Chess Olympiad: India’s best chance to win in both sections

Over the past few editions, in keeping with the growth of Indian chess, the performances in the Olympiads have been consistent.

Proud achievement: Some members of the Indian team which won the bronze medal at the Chess Olympiad in Tromso, Norway, in 2014. From left: S. P. Sethuraman, R. B. Ramesh (coach), Padmini Rout, Parimarjan Negi, and M. Lalith Babu.

Proud achievement: Some members of the Indian team which won the bronze medal at the Chess Olympiad in Tromso, Norway, in 2014. From left: S. P. Sethuraman, R. B. Ramesh (coach), Padmini Rout, Parimarjan Negi, and M. Lalith Babu. | Photo Credit: The Hindu Photo Library

Over the past few editions, in keeping with the growth of Indian chess, the performances in the Olympiads have been consistent.

Nearly 100 years after the first ‘Chess Olympic Games’ were held in Paris to coincide with the eighth Summer Olympic Games in the French capital in 1924, India gets to host the most prestigious team championship in the game.

The Olympiad, held every even-numbered year, returns to Asia 30 years after Manila hosted it in 1992.

Though officially the Chess Olympiad came into being in 1927 when London’s Westminster Central Hall saw 70 players from 16 nations participate in a four-board round-robin format, India made its maiden appearance in 1956 in Moscow and finished 27th out of 34 participants.

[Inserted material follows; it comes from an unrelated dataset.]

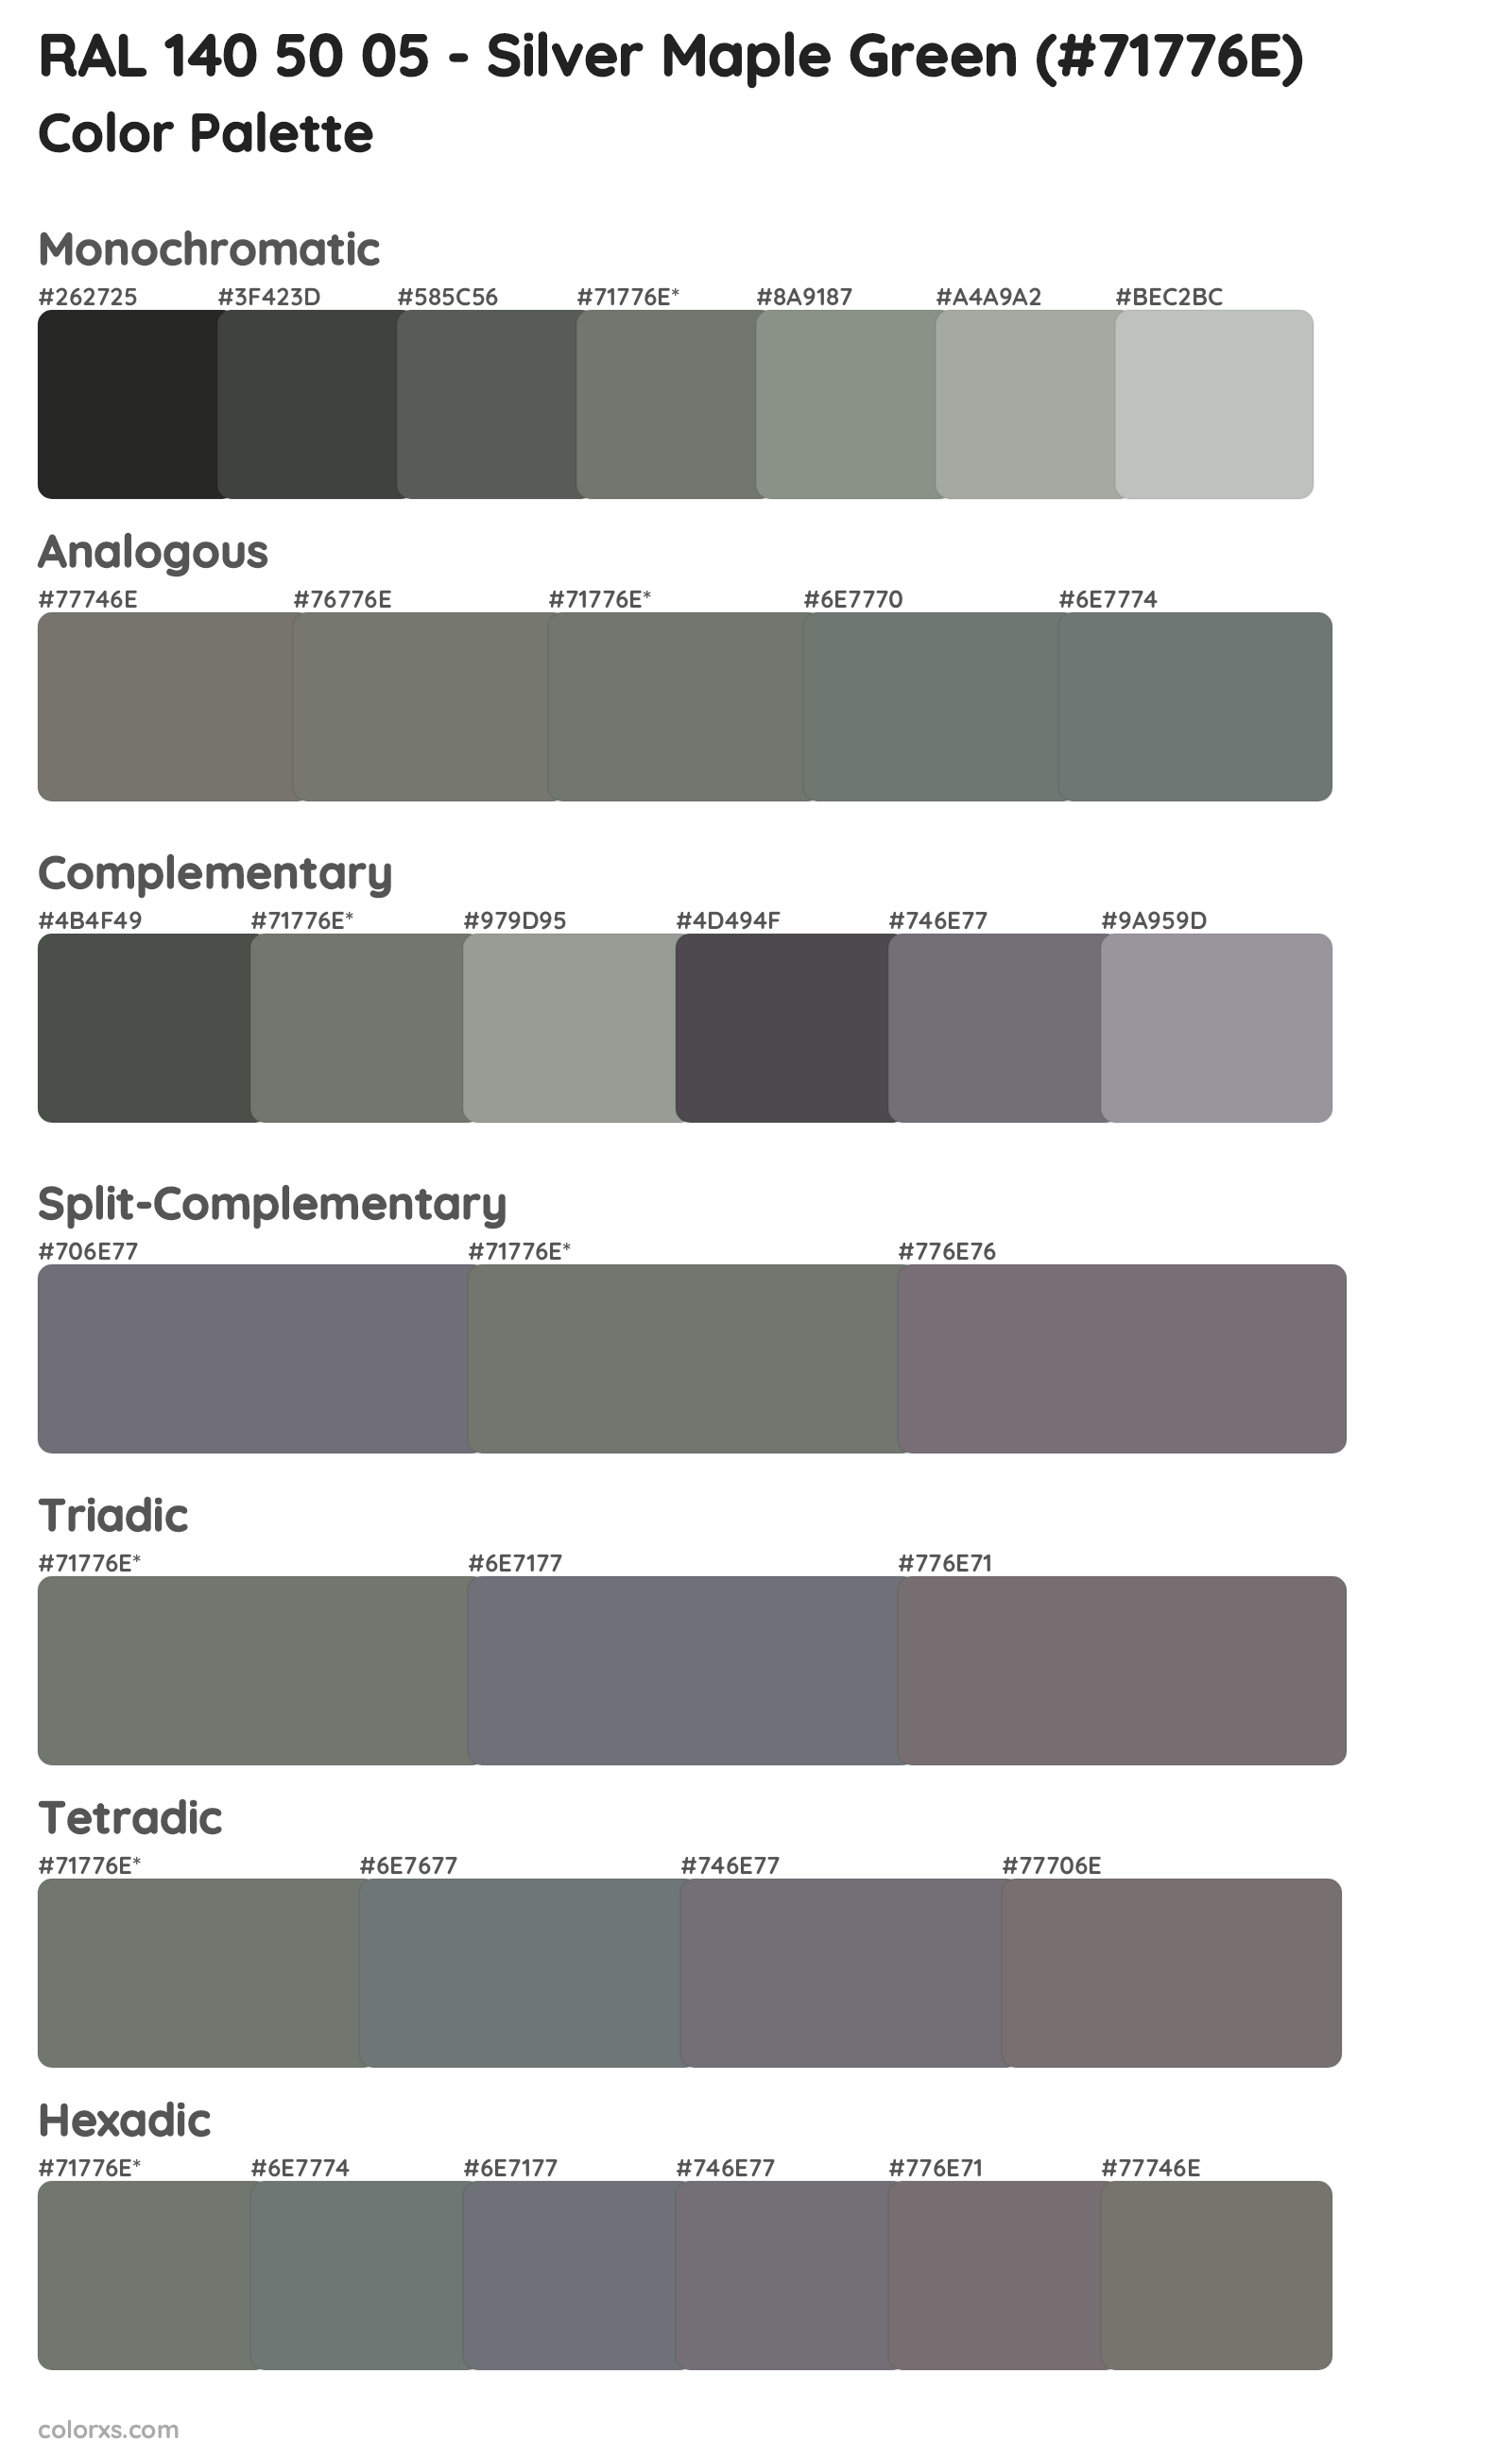 RAL 140 50 05 - Silver Maple Green Color Scheme Palettes
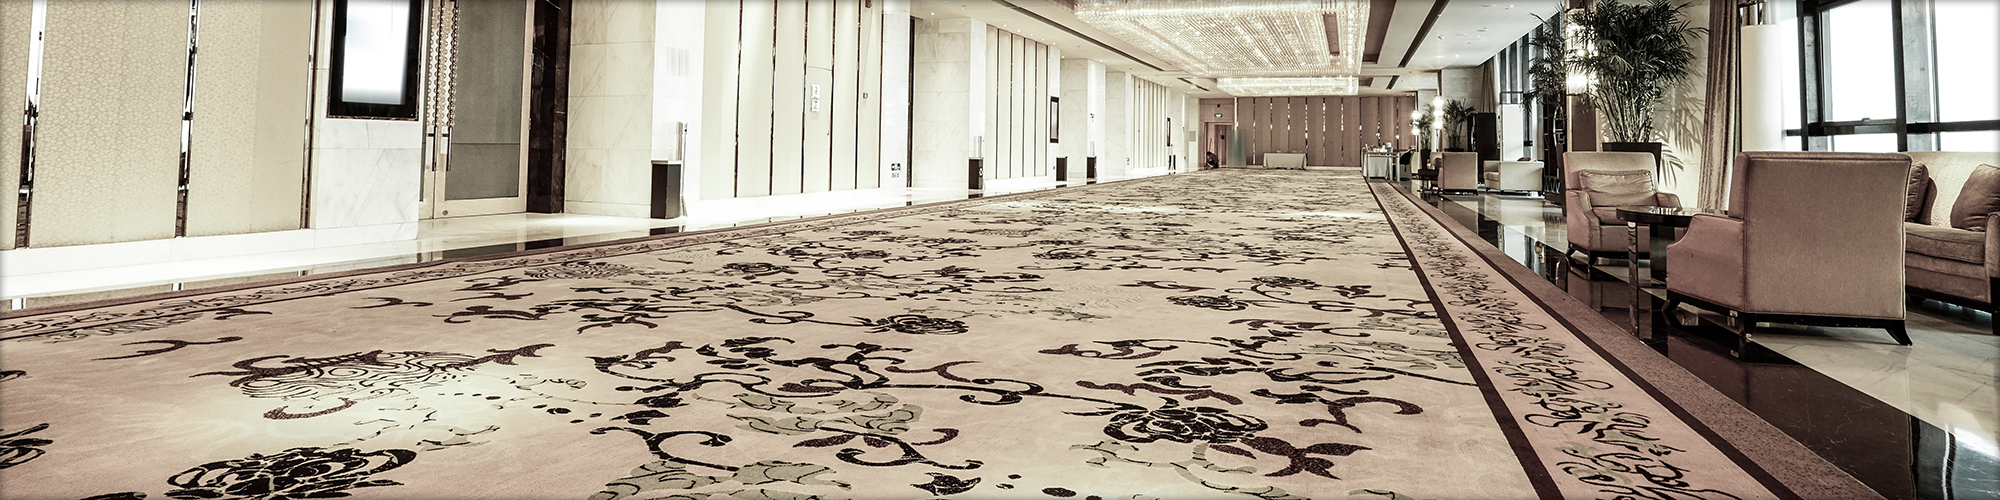 Carpeted Lobby

The team represented by R. B. Sapre, Ramdas Gupta, B. P. Mhaiskar and S. Venkatraman were placed in Group 3 (the more elite teams were placed in stronger groups). The quartet scored seven wins, drew four and lost six from 17 matches. After this ordinary debut, India missed the next edition and played the next three editions to finish 24th (1960), 28th (1962) and 37th (1964). However, from 1966 to 1978, India did not participate due to several reasons.

Since 1980, India has figured in every edition. The best showing came in Tromso (2014) where the team comprising Parimarjan Negi, S. P. Sethuraman, K. Sasikiran, B. Adhiban and M. R. Lalit Babu returned with a bronze medal.

India made its debut in the women’s section in 1978, when the eighth edition was played in Buenos Aires, and has figured in every subsequent edition. India came the closest to winning the elusive medal in 2012 (Istanbul) when the team consisting of D. Harika, Eesha Karavade, Tania Sachdev, Mary Ann Gomes and Soumya Swaminathan finished fourth.

India has produced some sterling individual performances, winning 10 medals on various boards in the two categories. Dibyendu Barua (1990) and Padmini Rout (2014) have returned with individual gold medals for their performances.

S. Vijayalakshmi is the only Indian to have returned with two silver medals for her top-board performances in 2000 and 2002.

Over the past few editions, in keeping with the growth of Indian chess, the performances in the Olympiads have been consistent. India has kept itself in the hunt for medals in both sections. However, except in 2014, India has not been able to break into the medal bracket. The home edition in 2022 offers India its best chance to win a medal in both sections.